── Listed entries ──

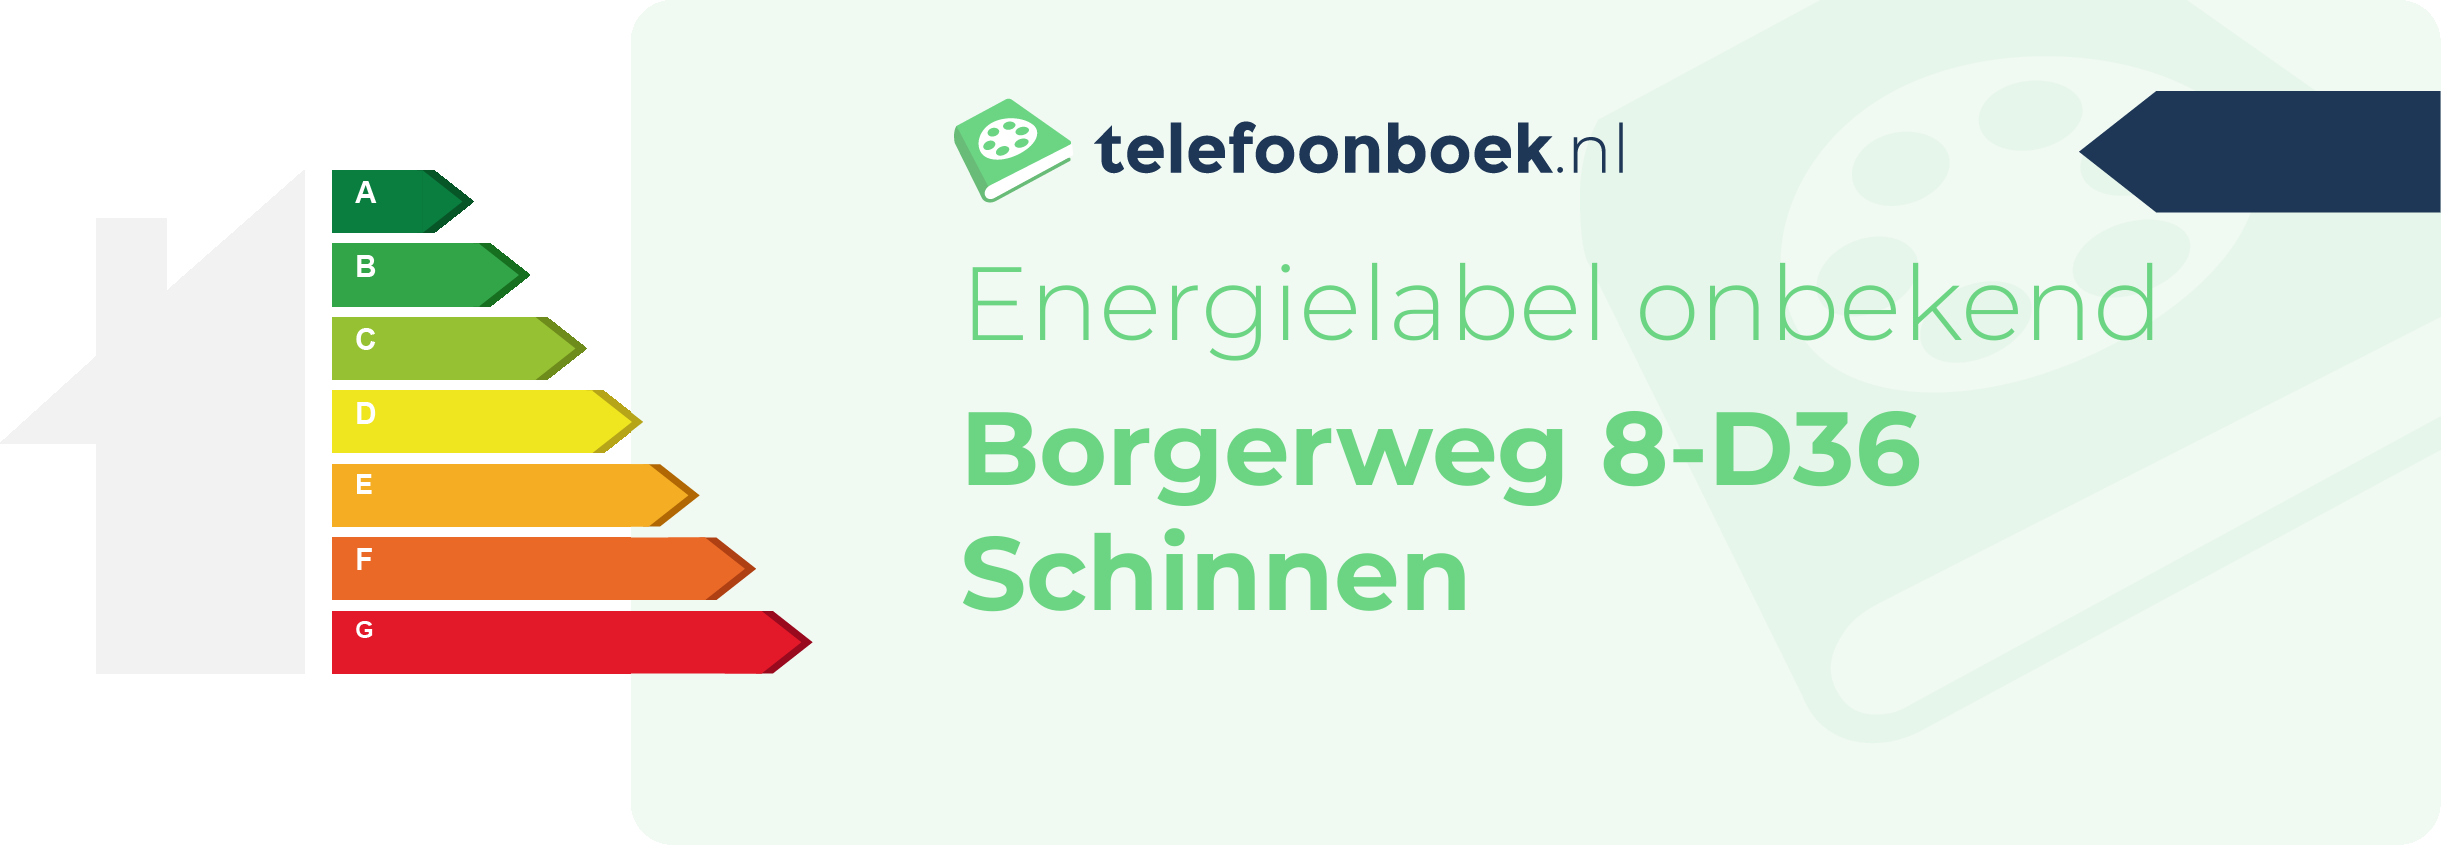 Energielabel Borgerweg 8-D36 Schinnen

───
── Listed entries ──

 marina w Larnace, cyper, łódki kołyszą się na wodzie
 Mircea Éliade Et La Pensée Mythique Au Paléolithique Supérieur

───
── Listed entries ──

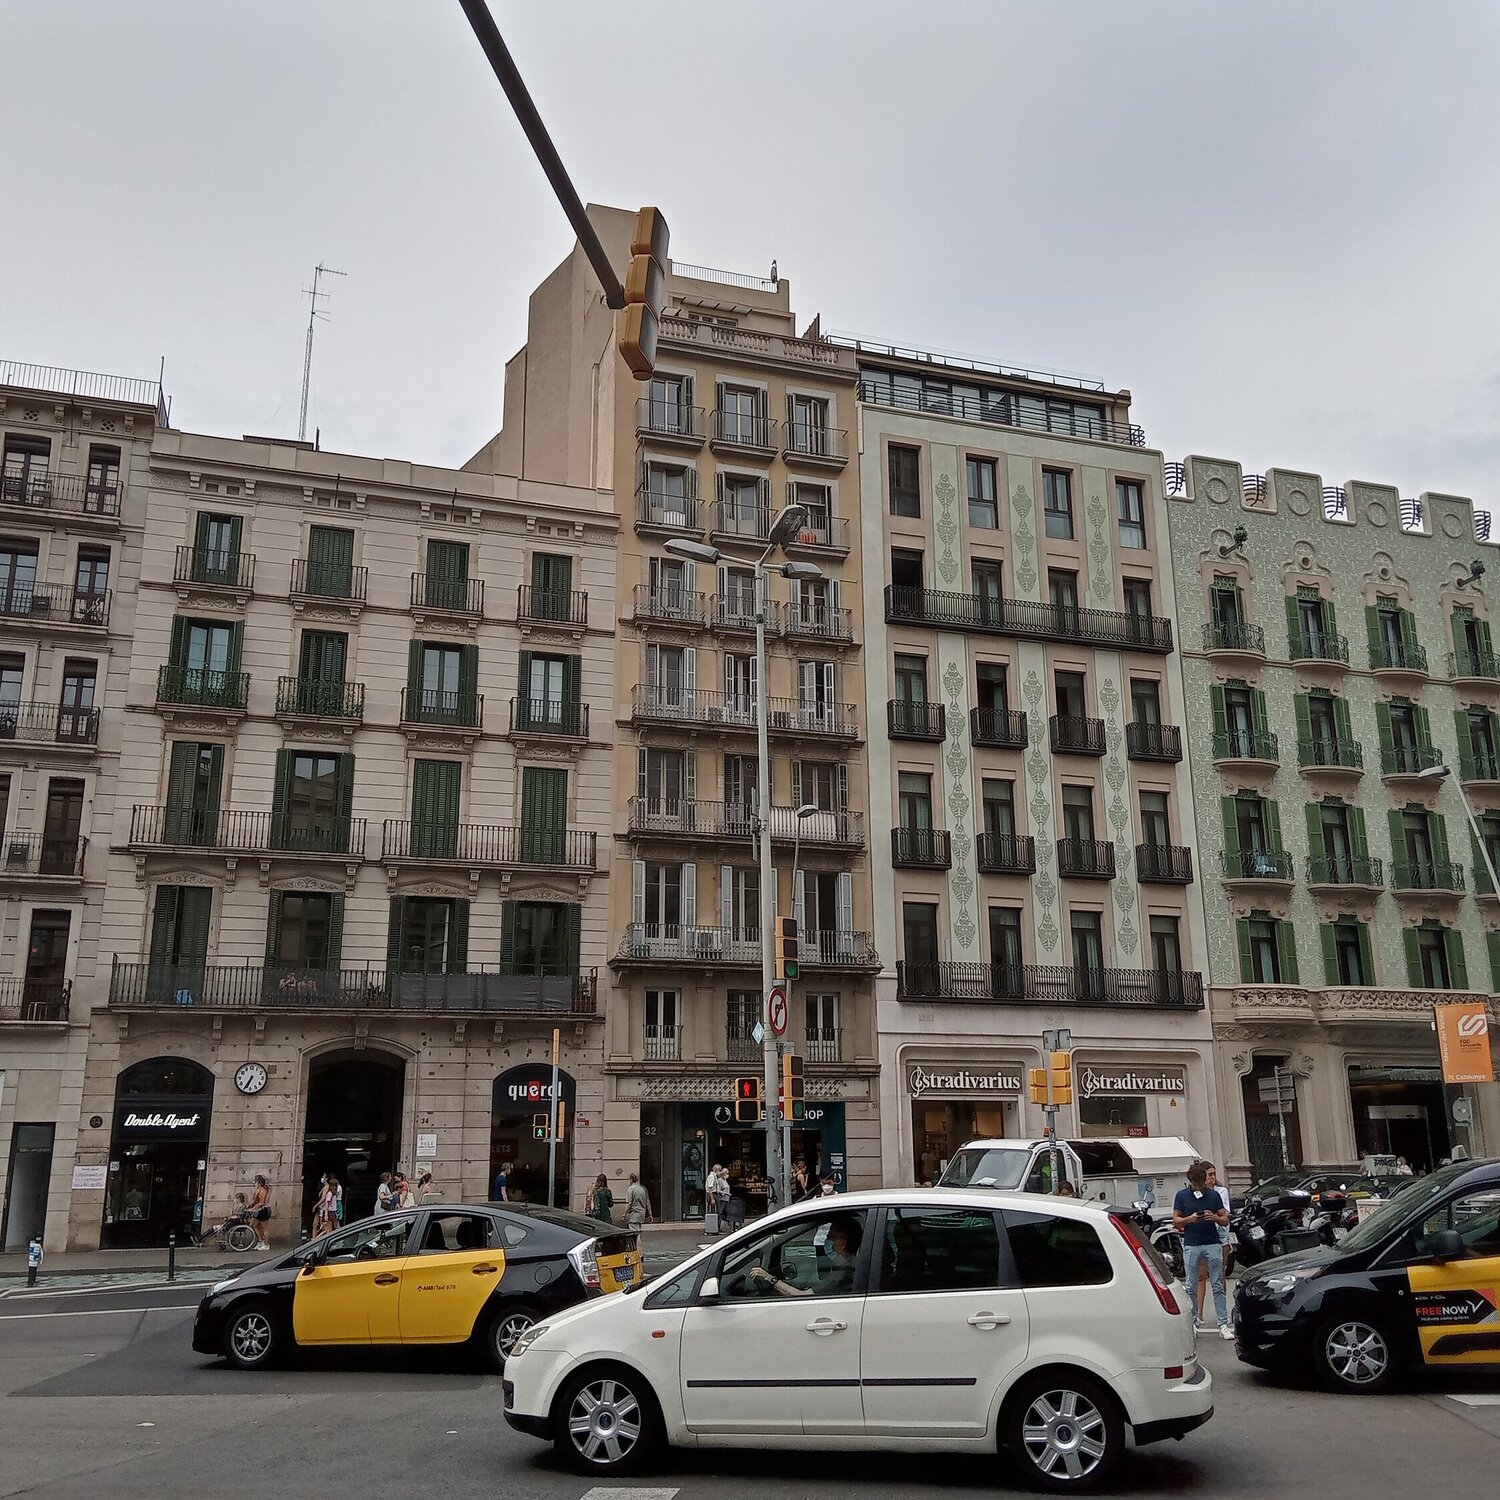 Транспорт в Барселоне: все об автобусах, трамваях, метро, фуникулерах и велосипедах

───

- [What is required]:
Within the data above, the lines from the one with "marina w Larnace, cyper, łódki" to the one with "Mircea Éliade Et" must be repeated exactly; no other line belongs in the answer.

- [Reply to the exercise]:
 marina w Larnace, cyper, łódki kołyszą się na wodzie
 Mircea Éliade Et La Pensée Mythique Au Paléolithique Supérieur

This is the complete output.